Henning Albrecht (born 1973) is a German historian.

== Life ==
From 2003 to 2006, Albrecht was a research assistant at Historisches Seminar of the University of Hamburg and was awarded his doctorate there in 2007 with his dissertation Antiliberalismus und Antisemitismus: Hermann Wagener und die preußischen Sozialkonservativen 1855–1873. He is a freelance scientific consultant for the magazine Geo and has published numerous books as a writer since 2008. In 2016, Albrecht published a comprehensive biography of the Hamburg 6, artist Horst Janssen, for which he did five years of research.

== Publications ==
- Antiliberalismus und Antisemitismus. Hermann Wagener und die preußischen Sozialkonservativen 1855–1873. Otto-von-Bismarck-Stiftung. Wissenschaftliche Reihe; Band 12. Paderborn: Schöningh, 2010, ISBN 978-3-506-76847-6 (Review).
- „Pragmatisches Handeln zu sittlichen Zwecken“. Helmut Schmidt und die Philosophie (Studien der Helmut und Loki Schmidt-Stiftung; vol. 4).
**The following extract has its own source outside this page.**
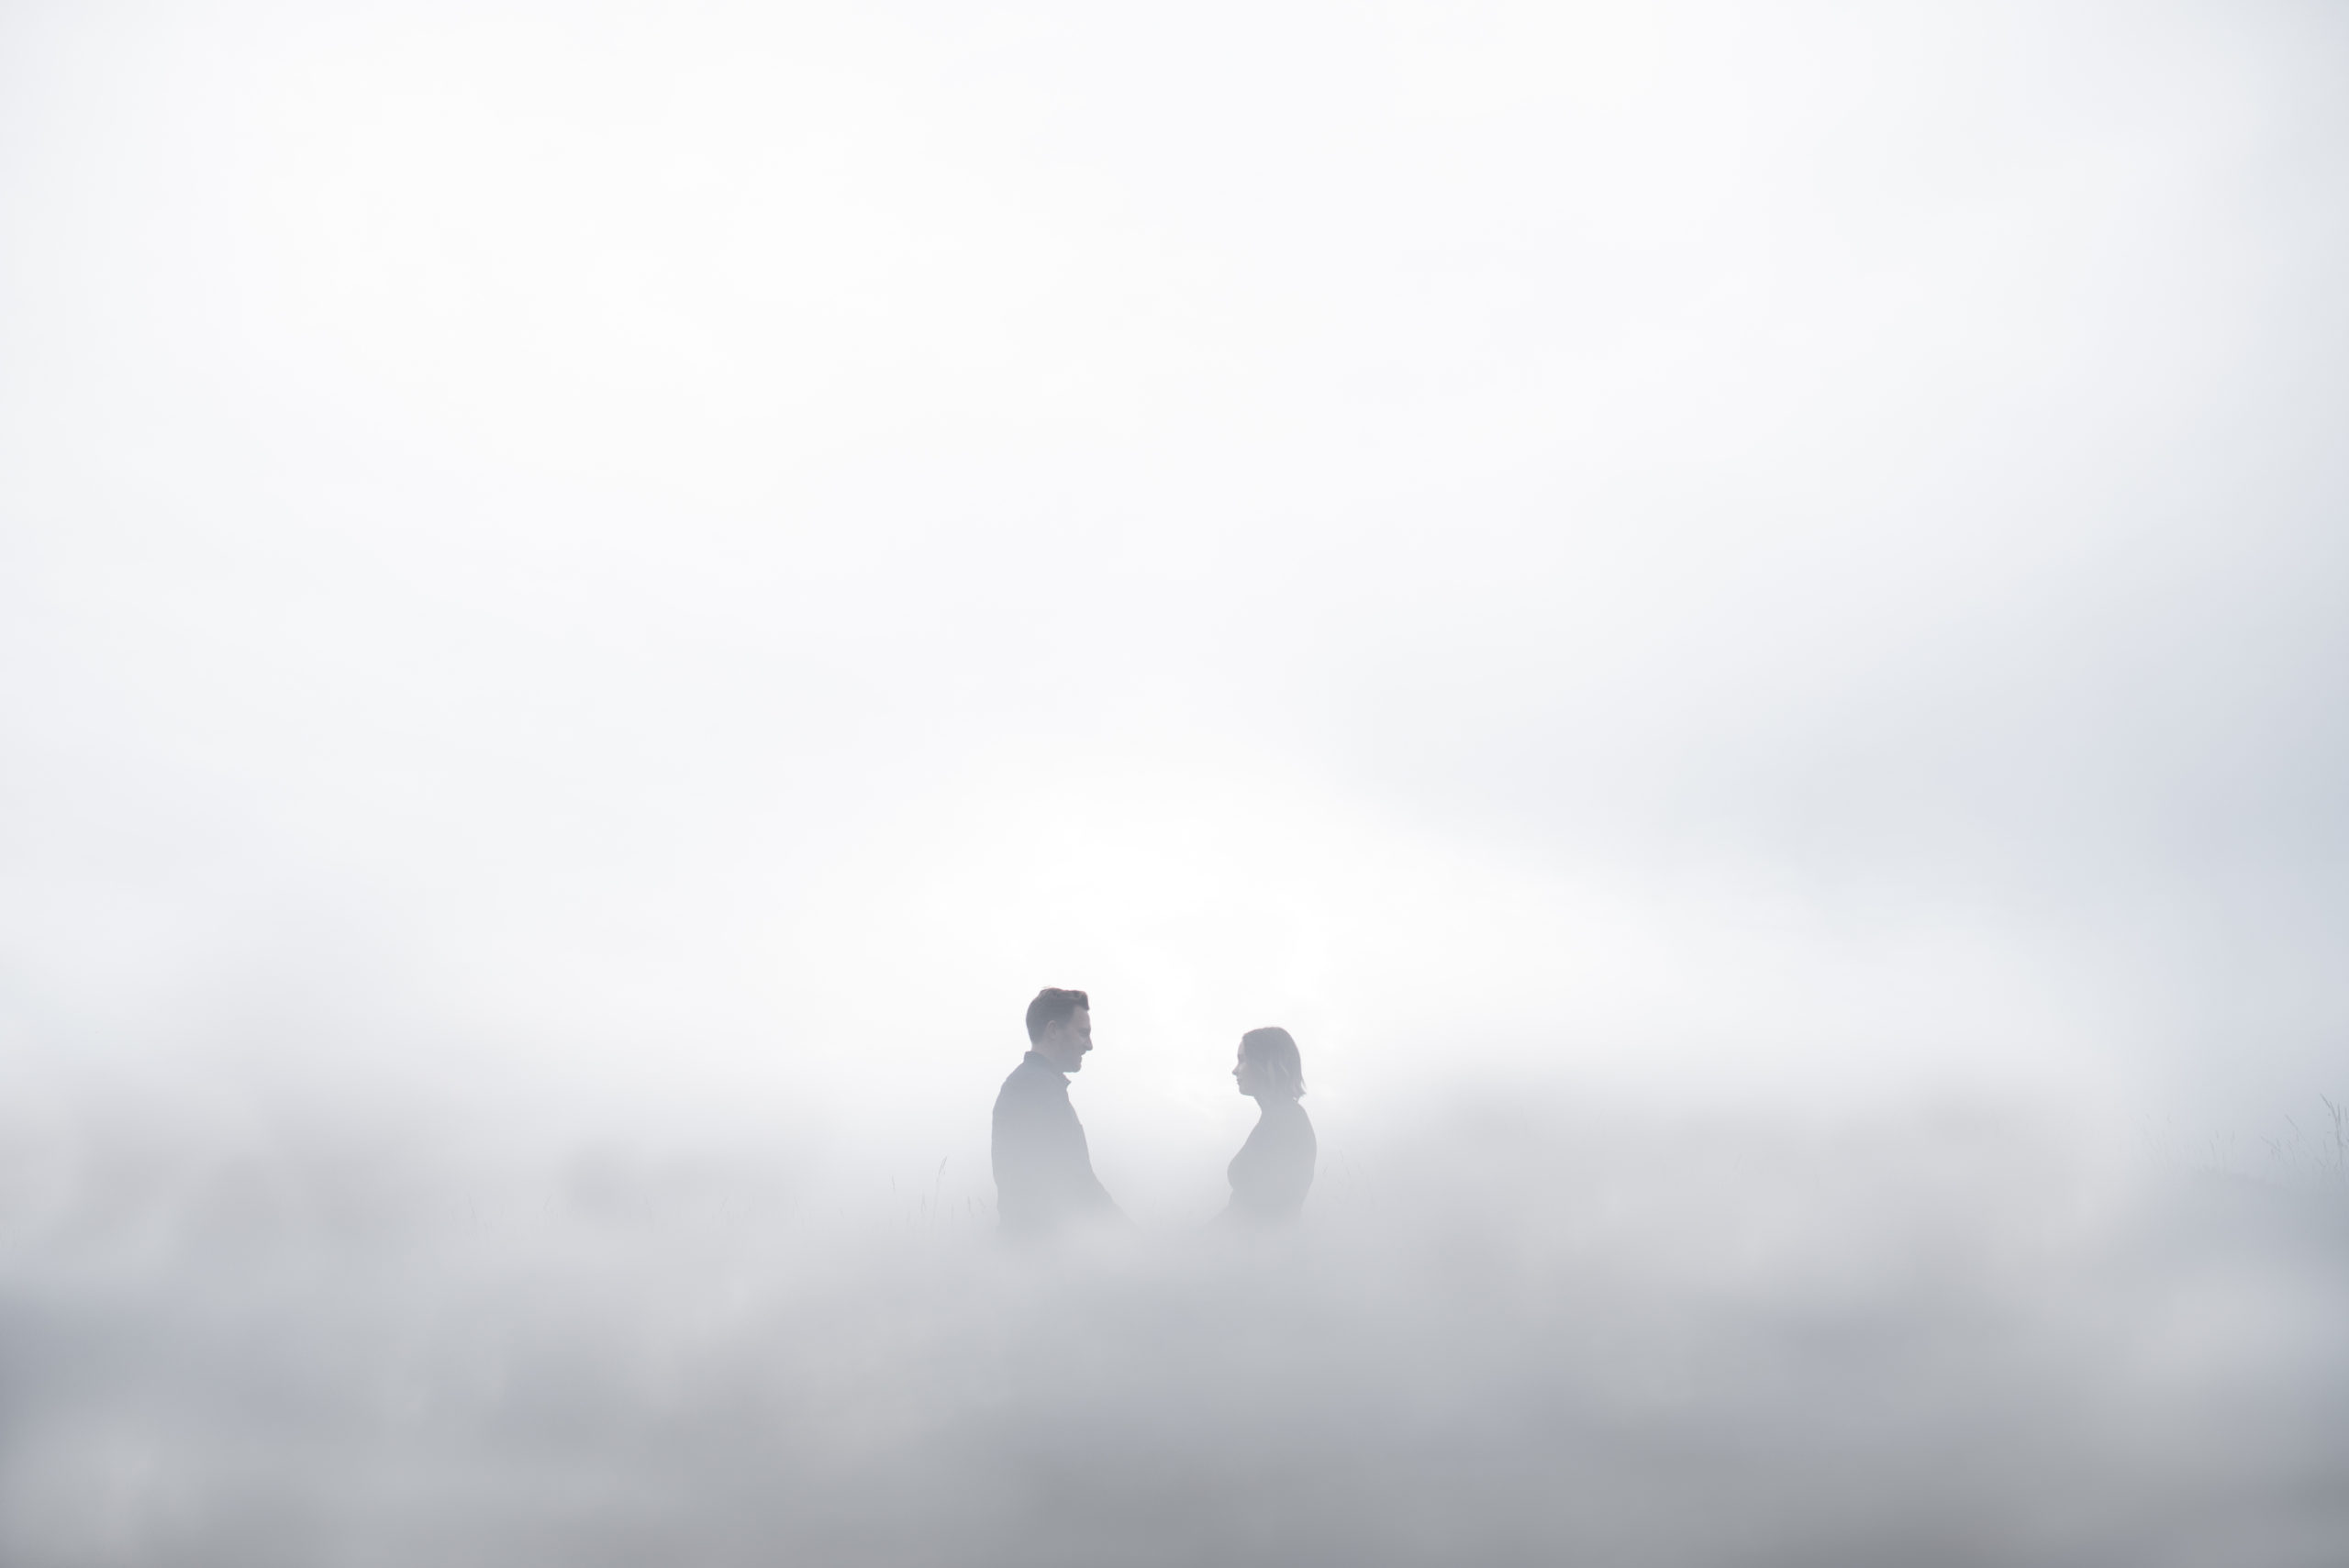 the silhouette of a couple in fog

Ed. Temmen, Bremen 2008, ISBN 978-3-86108-635-2.
- Antiliberalismus und Antisemitismus. Hermann Wagener und die preußischen Sozialkonservativen 1855–1873 (Otto-von-Bismarck-Stiftung: Wissenschaftliche Reihe; vol. 12). Schöningh, Paderborn/München/Wien/Zürich 2010 (zugleich gekürzte Fassung von: Hamburg, Univ., Diss., 2007).
- Alfred Beit: Hamburger und Diamantenkönig. Hamburgische Wissenschaftliche Stiftung, ed. Ekkehard Nümann, University Press, Hamburg 2011.
- Adolph Lewisohn: Kupfermagnat im „Goldenen Zeitalter“. Hamburgische Wissenschaftliche Stiftung, ed. Ekkehard Nümann, University Press, Hamburg 2013.
- Horst Janssen. Ein Leben. Rowohlt, Reinbek bei Hamburg 2016, ISBN 978-3-498-00091-2.
- Diamanten, Dynamit und Diplomatie. Die Ludwig Julius Lippert. Hamburger Kaufleute in imperialer Zeit (Mäzene der Wissenschaft; vol. 20). Hamburgische Wissenschaftliche Stiftung, ed. Ekkehard Nümann, University Press, Hamburg 2018, ISBN 978-3-943423-45-7.
- 100 Jahre SBV Spar- und Bauverein Leichlingen eG. HistorikerVerlag, Hamburg 2019, ISBN 978-3-9817595-4-9.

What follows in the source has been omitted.